With US “reciprocal” tariffs on pause but not resolved, we believe the growing divergence in single-stock performance within China equities reflects heightened market sensitivity to any perceived weakness in earnings or forward guidance.

But we view this volatility as more a function of positioning after the trade relief rebound, rather than a sign of deteriorating fundamentals. We see several reasons to stay engaged and continue building exposure to China tech:

China tech earnings so far have been broadly positive. Most large-cap Chinese tech companies have reported results ahead of consensus on both revenue and profit, reflecting resilient demand across core businesses and new growth drivers. E-commerce platforms are showing steady top-line growth, while gaming and cloud service providers are benefiting from ongoing digitalization and AI adoption. Importantly, management teams remain confident about the monetization potential of artificial intelligence capabilities and expect growth to accelerate further as adoption deepens. This earnings momentum suggests that sector fundamentals remain intact, even if the market is scrutinizing individual misses more closely.

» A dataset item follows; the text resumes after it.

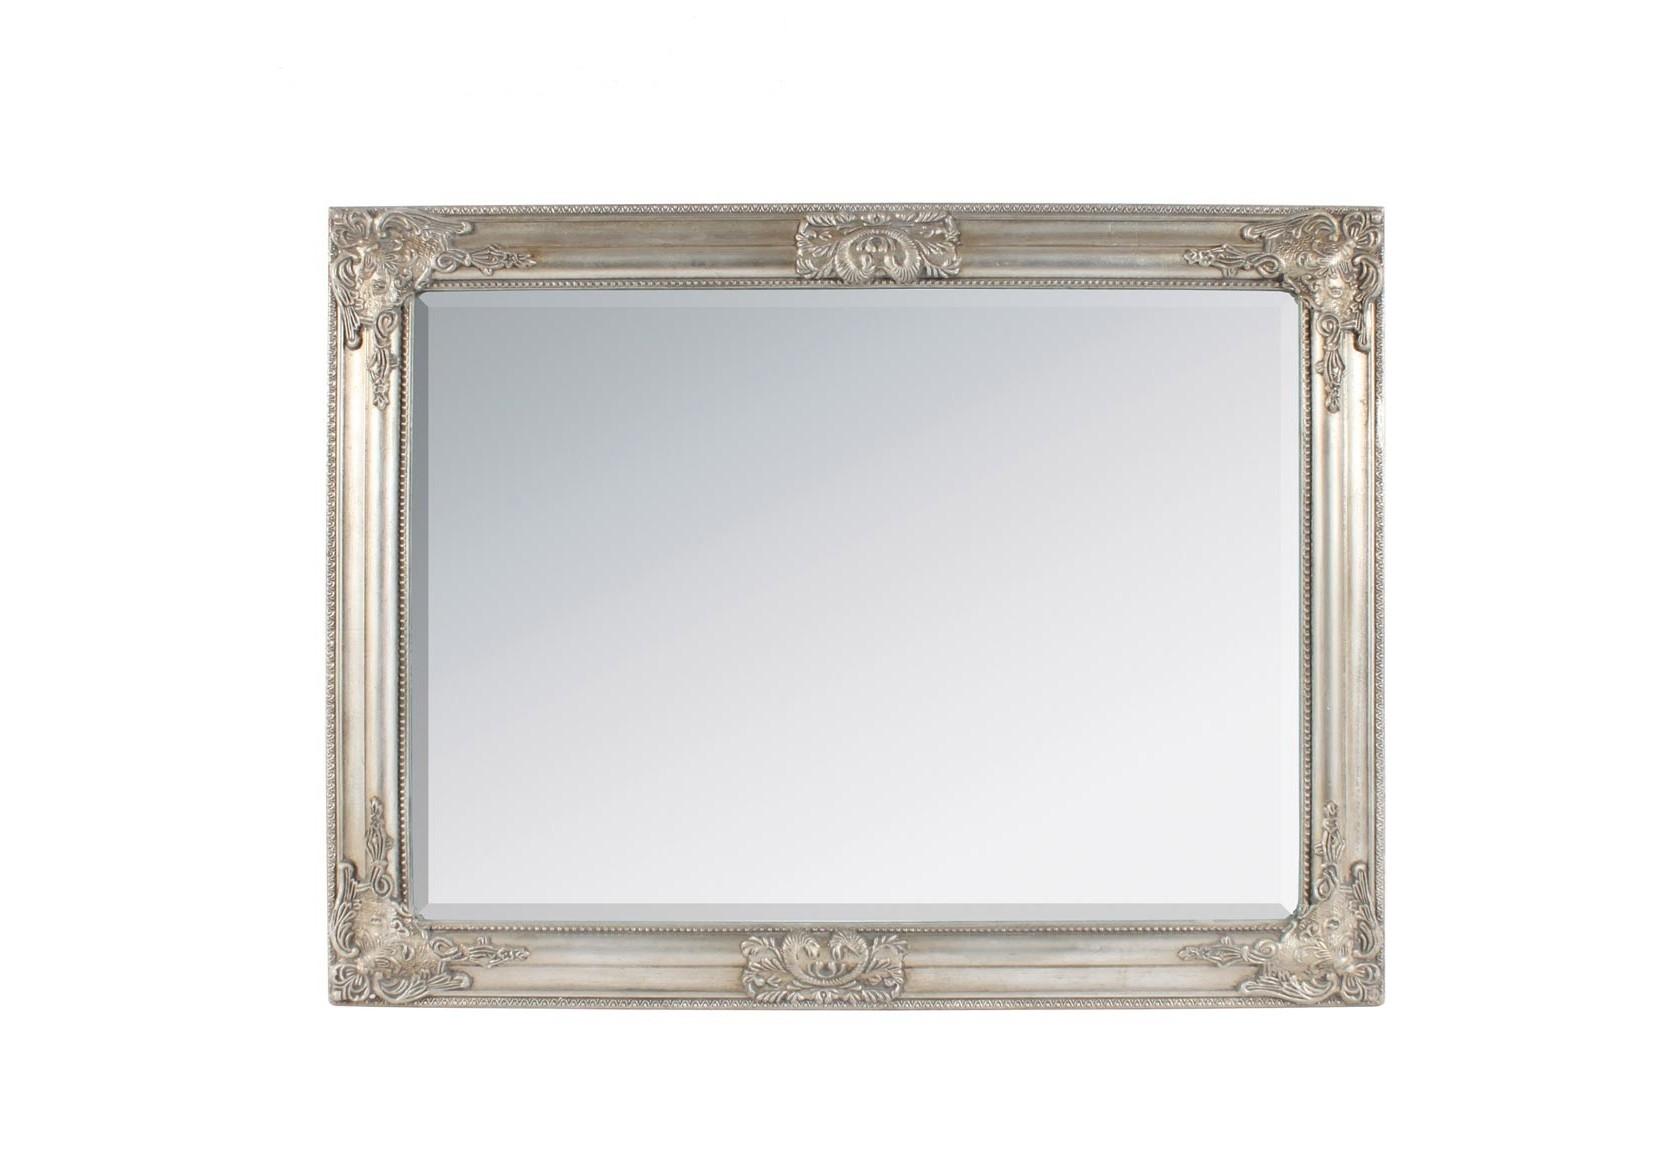 Зеркало настенное Luj?n de CuyoНастенные зеркала<br><br><br>Material: Полистоун<br>Width см: 62<br>Depth см: 2<br>Height см: 82

China tech valuations are attractive relative to global peers. While some gaming and internet platforms have seen sharp share price moves post-results, we think sector-level valuations have not fully reflected the improving earnings backdrop for China tech equities. On a price/earnings-to-growth (PEGR) basis, China tech continues to trade at a meaningful discount to US large-cap tech despite an improving growth backdrop. Leading Chinese tech names are trading at forward price-to-earnings (P/E) multiples averaging 13x, well below global gaming and technology sector averages. This valuation gap, combined with robust earnings prospects, underpins our constructive sector view.

Capital market activity is picking up, supporting liquidity and sentiment. A major IPO in the mainland China electric vehicle (EV) supply chain in Hong Kong this week will be the city’s largest listing of 2025, signaling renewed investor engagement. We expect a steady pipeline of secondary listings from domestic A-shares and the return of more China ADRs to Hong Kong, which should further strengthen the exchange’s status as a hub for tech listings. Increased listings not only broaden investor access but also enhance liquidity and visibility for the sector as a whole.

So, we recommend investors use any outsized dips to build exposure to mainland China tech, which we continue to rate as Attractive. In our view, strong sector-level earnings momentum, compelling valuations, and supportive capital market trends outweigh near-term volatility tied to individual results or lingering trade uncertainty. Within China internet, we currently favor select online gaming names, which are demonstrating healthy fundamentals and positive earnings revisions. Investors who are underexposed to China tech may consider gradually increasing their allocation, taking advantage of market pullbacks to add quality names at reasonable prices.